■ What is required ■
Instruction for the entries that follow: retype exactly the lines from the line with "IWC Pilot's Watch" to the line with "Royalty free vector", both included, and omit all others.

■ Information given ■

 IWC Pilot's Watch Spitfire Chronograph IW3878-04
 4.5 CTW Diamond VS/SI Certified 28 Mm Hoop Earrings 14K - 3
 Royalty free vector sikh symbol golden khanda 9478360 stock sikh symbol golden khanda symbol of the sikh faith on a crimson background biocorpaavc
...
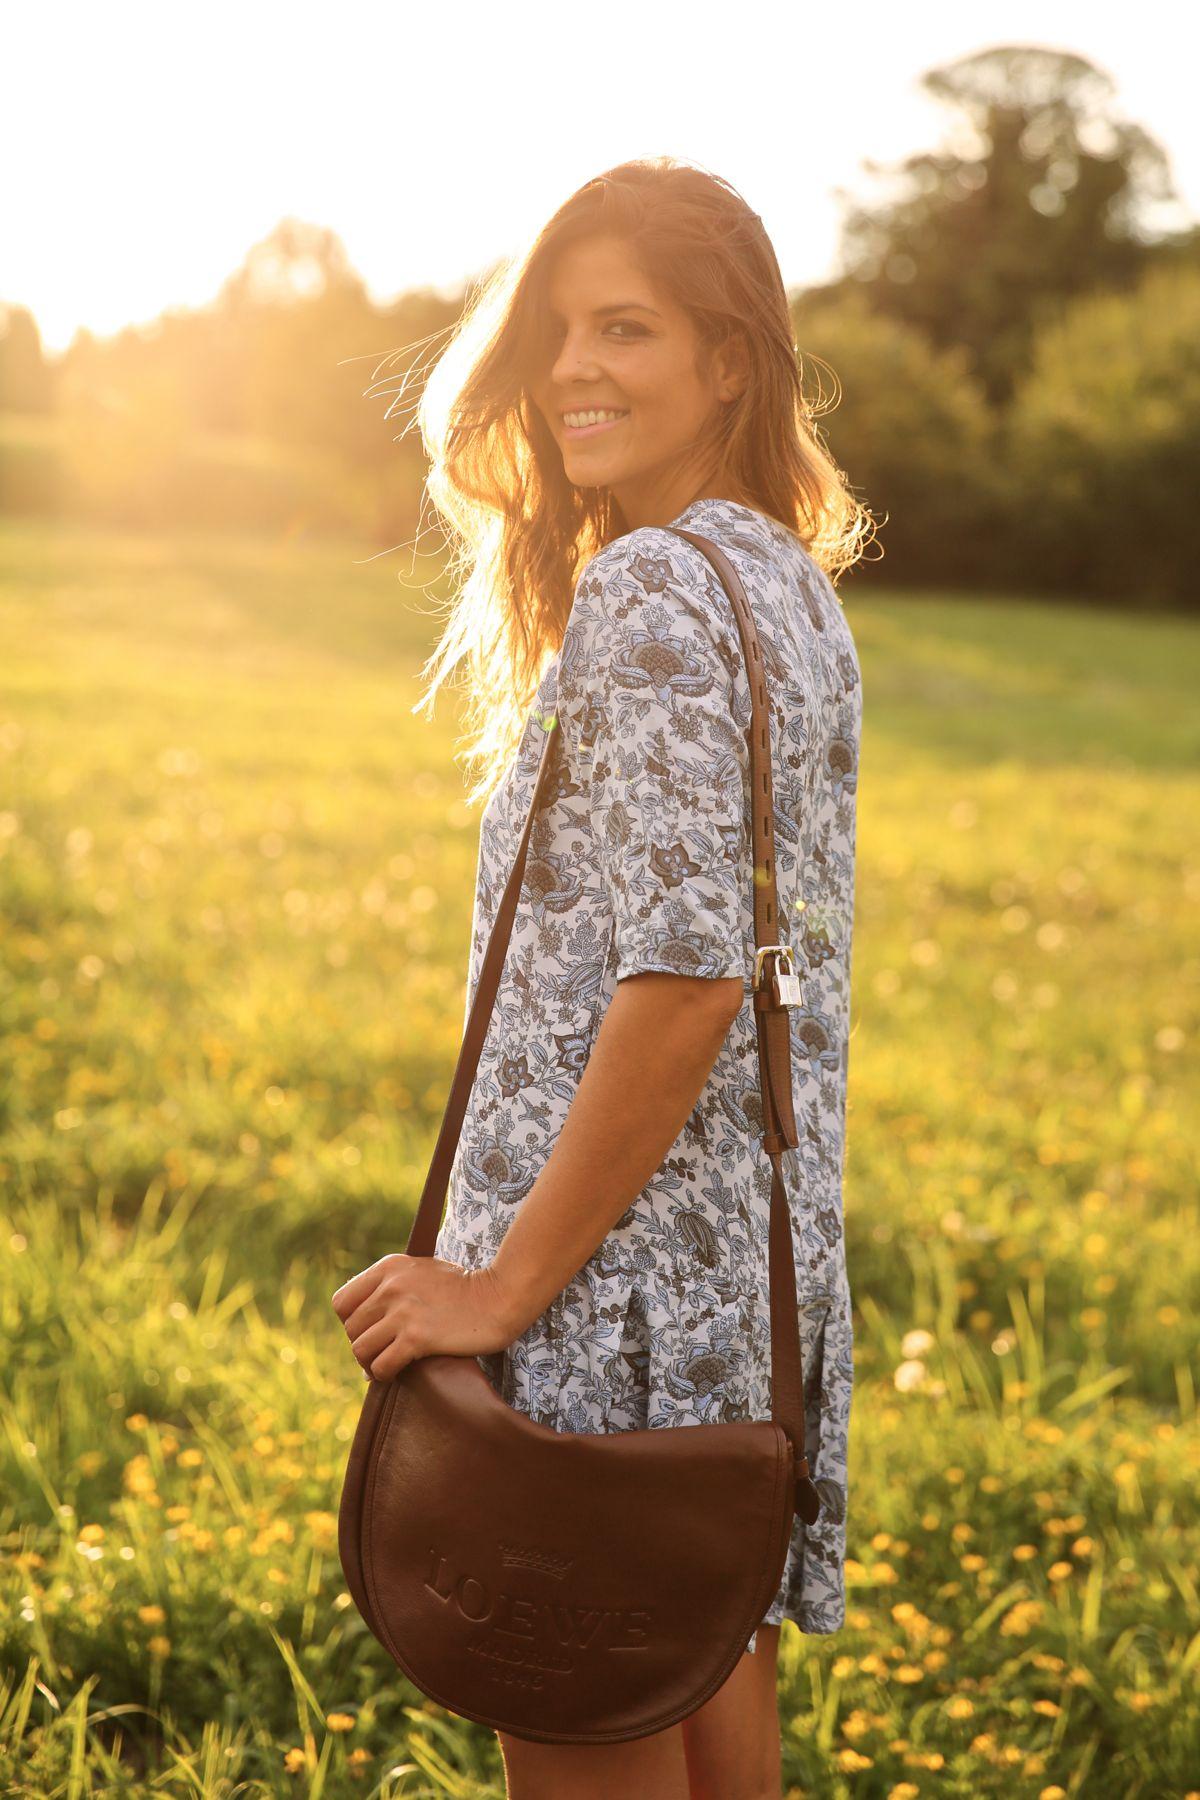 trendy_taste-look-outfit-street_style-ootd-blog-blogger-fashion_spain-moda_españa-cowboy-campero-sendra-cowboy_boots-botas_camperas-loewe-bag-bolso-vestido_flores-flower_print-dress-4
...
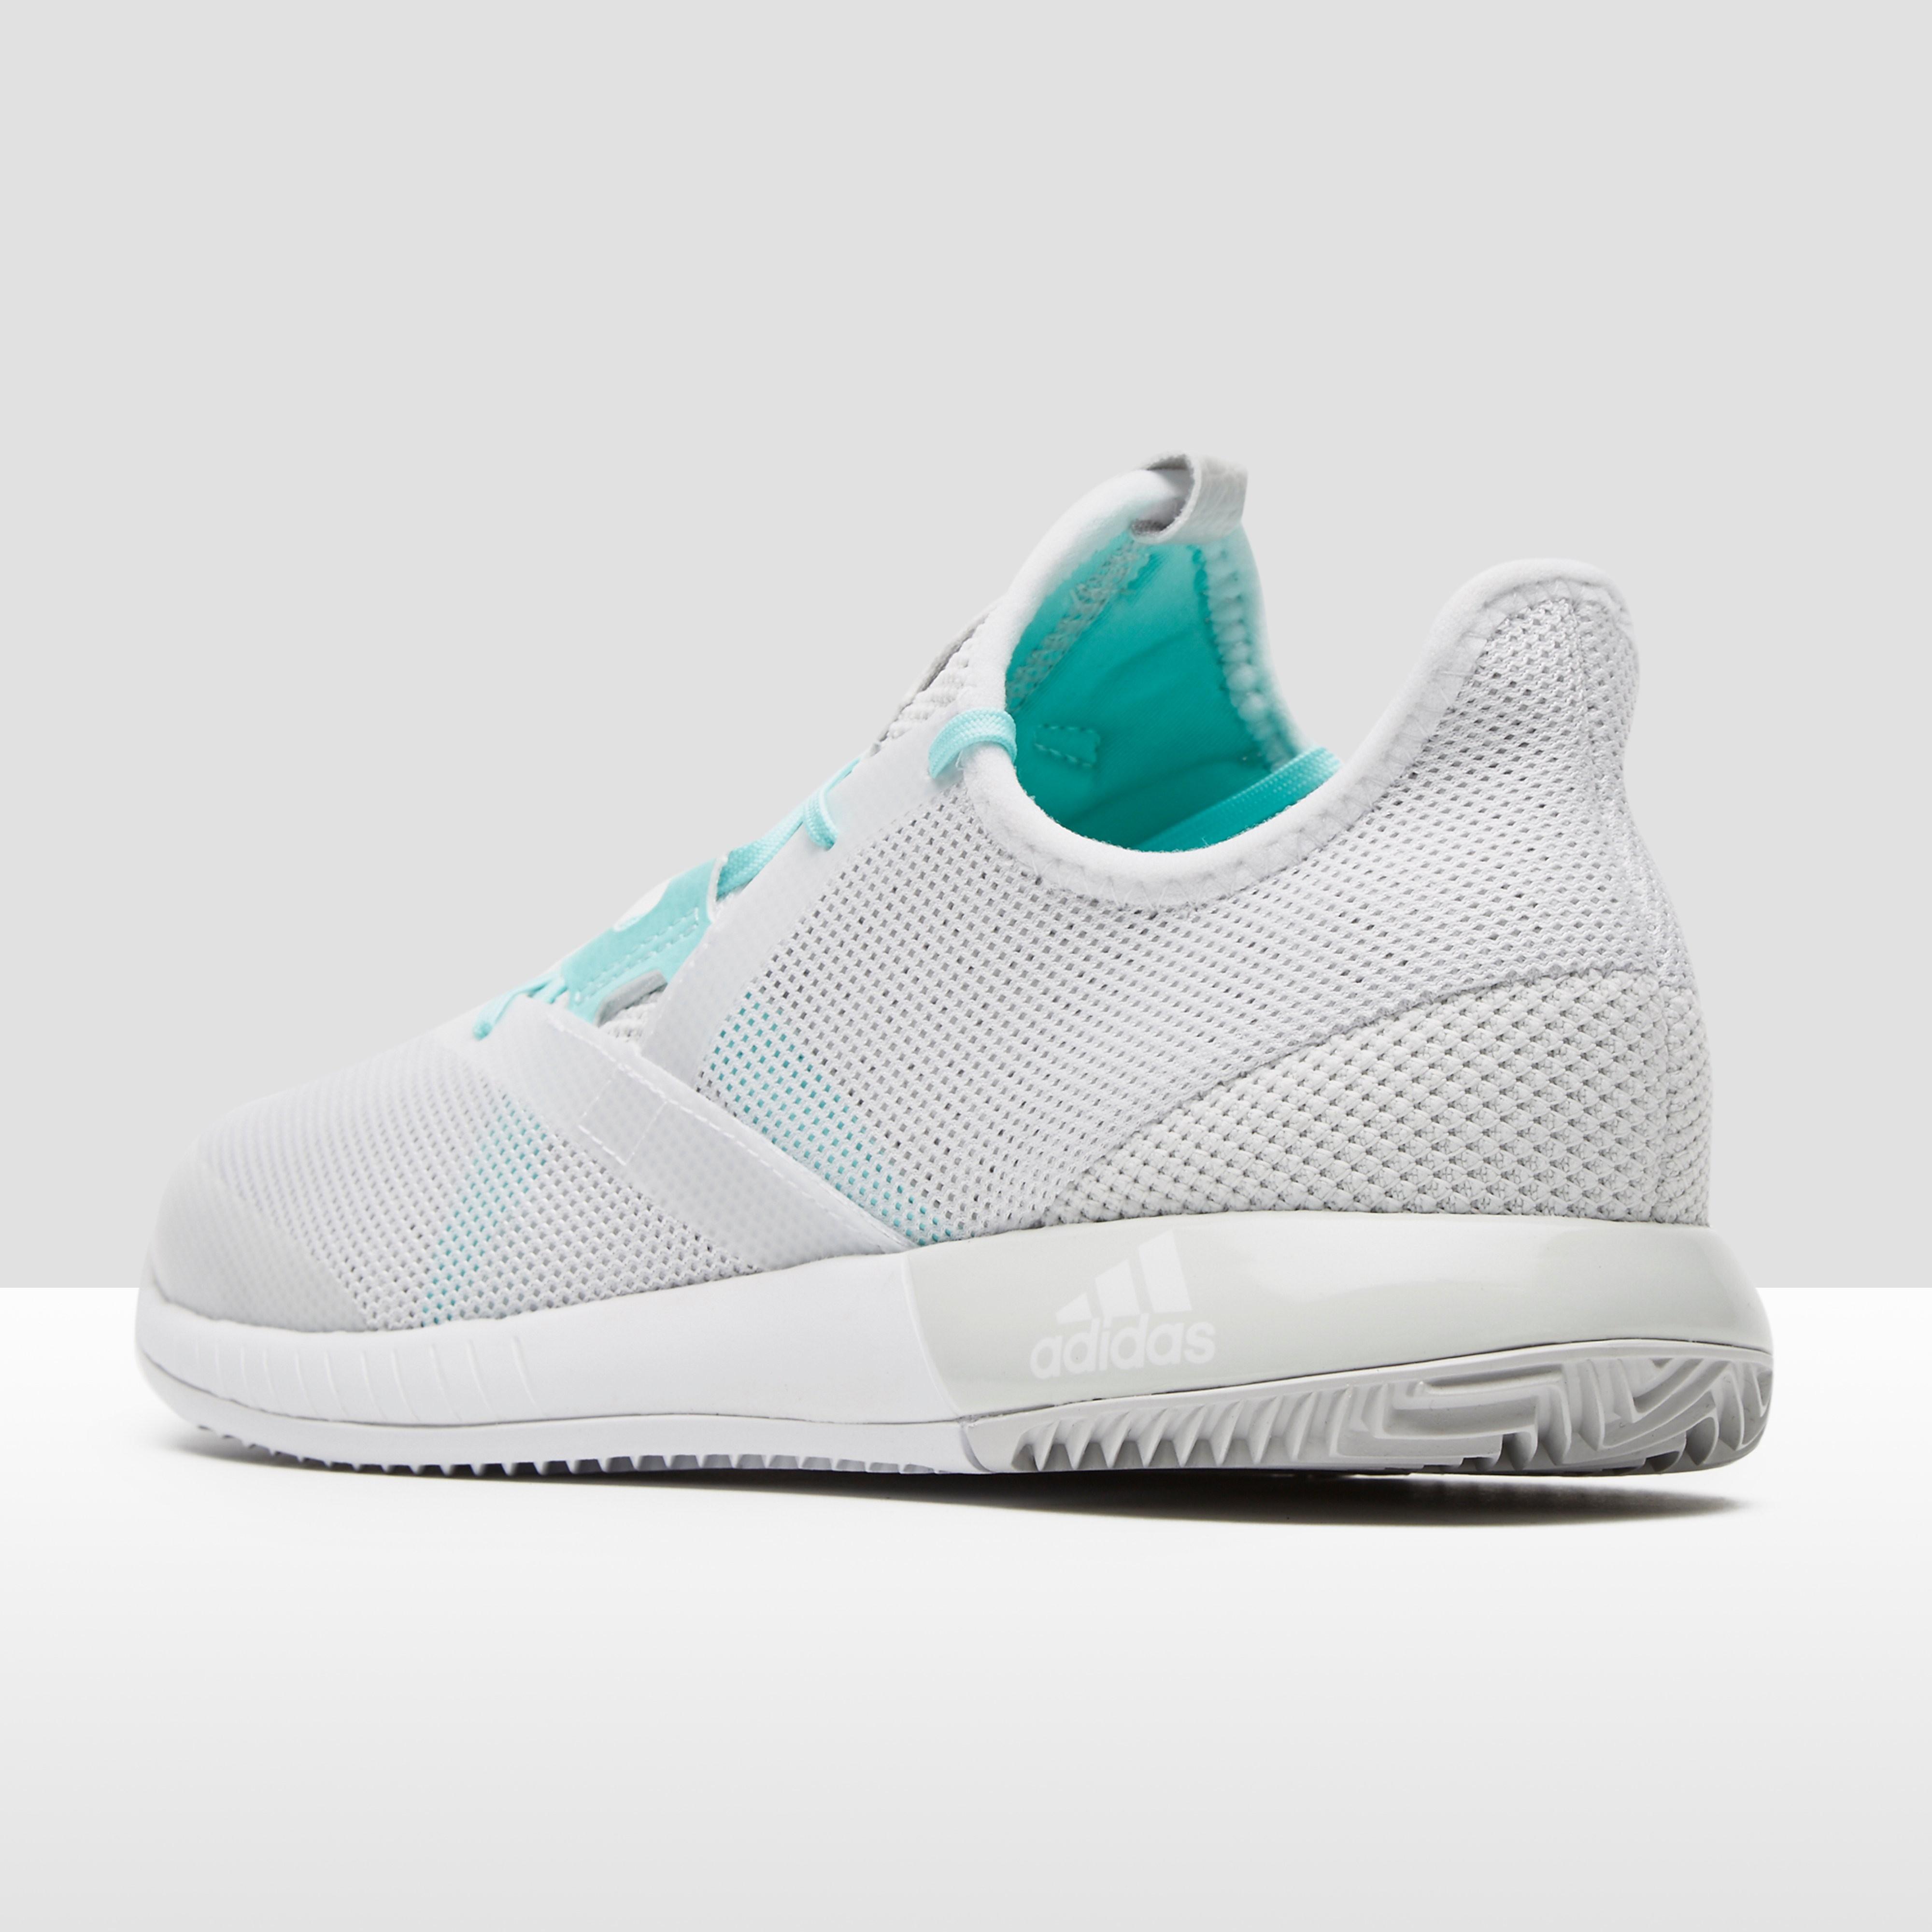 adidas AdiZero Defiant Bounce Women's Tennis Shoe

■ Your response ■
 IWC Pilot's Watch Spitfire Chronograph IW3878-04
 4.5 CTW Diamond VS/SI Certified 28 Mm Hoop Earrings 14K - 3
 Royalty free vector sikh symbol golden khanda 9478360 stock sikh symbol golden khanda symbol of the sikh faith on a crimson background biocorpaavc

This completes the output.